Exercise goal:
Return the lines of the listing below exactly as they appear, beginning at the one with "Trace Minerals Research" and stopping after the one with "Triomphe純白色光滑小"; do not include pictures.

START Task material

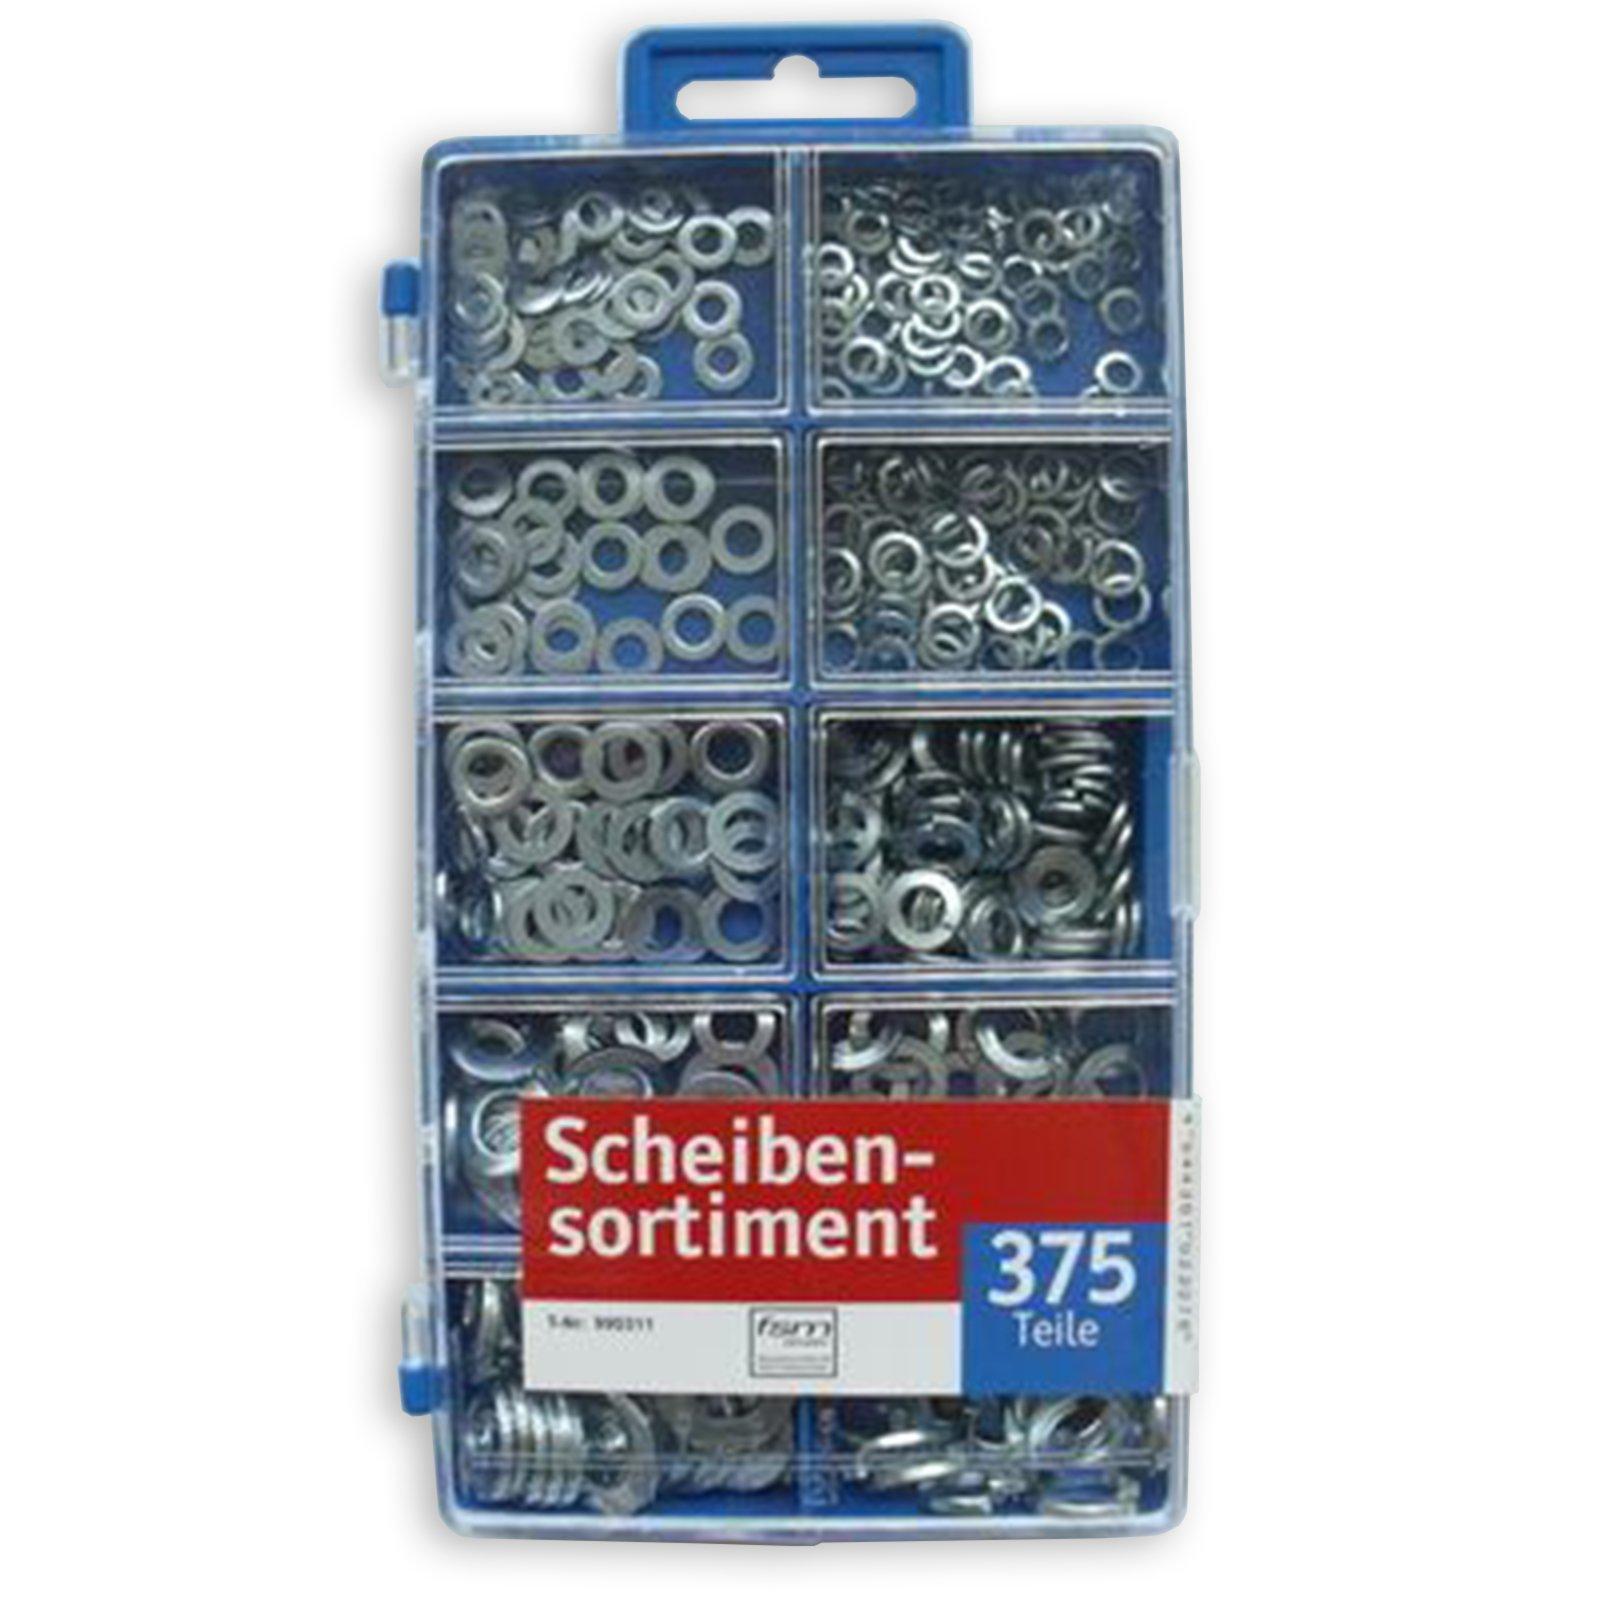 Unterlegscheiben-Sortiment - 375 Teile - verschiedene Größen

END Task material
START Task material

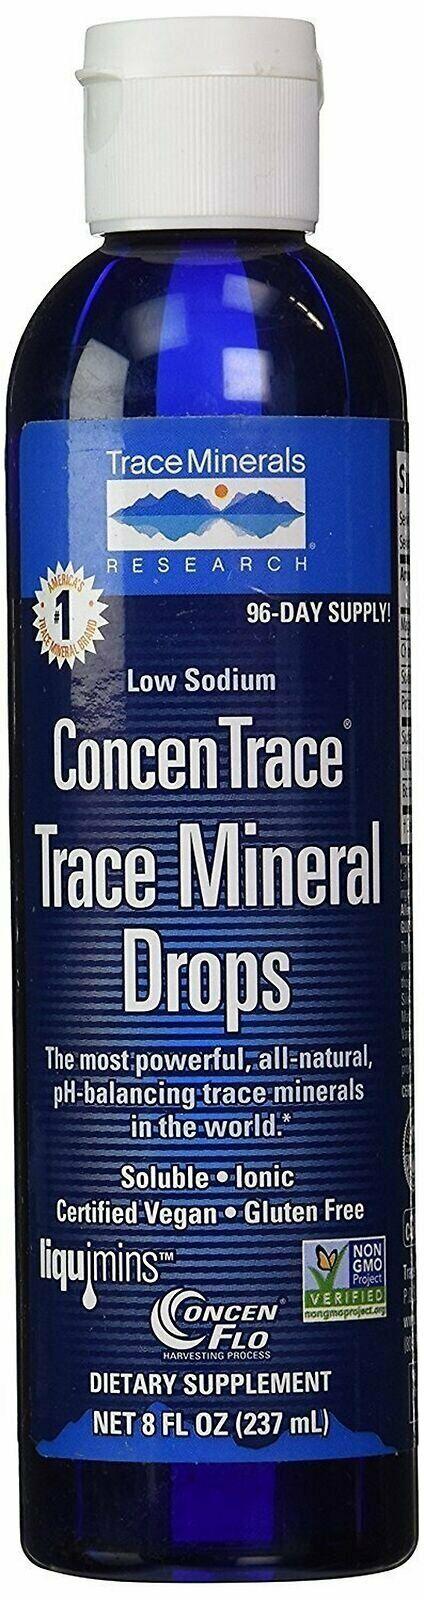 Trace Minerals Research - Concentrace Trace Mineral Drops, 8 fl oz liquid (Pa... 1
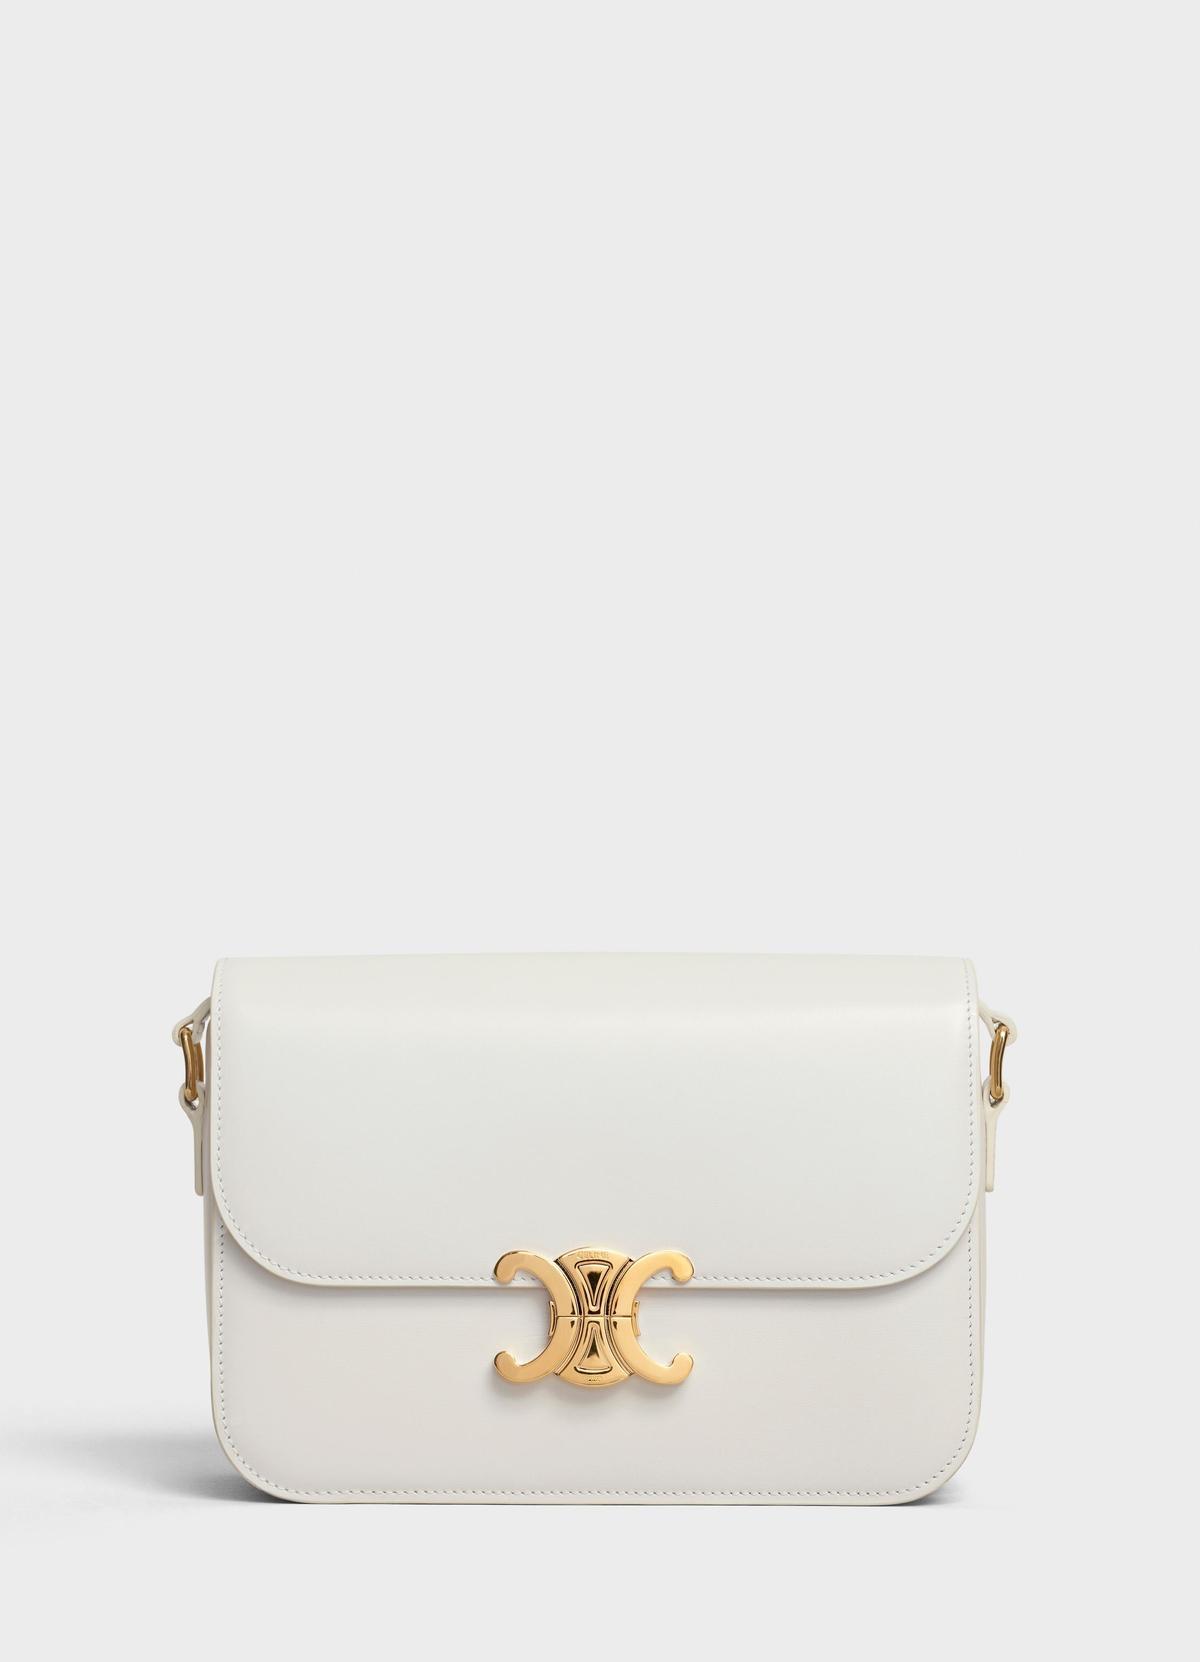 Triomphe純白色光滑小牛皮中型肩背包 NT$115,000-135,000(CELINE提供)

END Task material

Result for this task:
 Trace Minerals Research - Concentrace Trace Mineral Drops, 8 fl oz liquid (Pa... 1
 Triomphe純白色光滑小牛皮中型肩背包 NT$115,000-135,000(CELINE提供)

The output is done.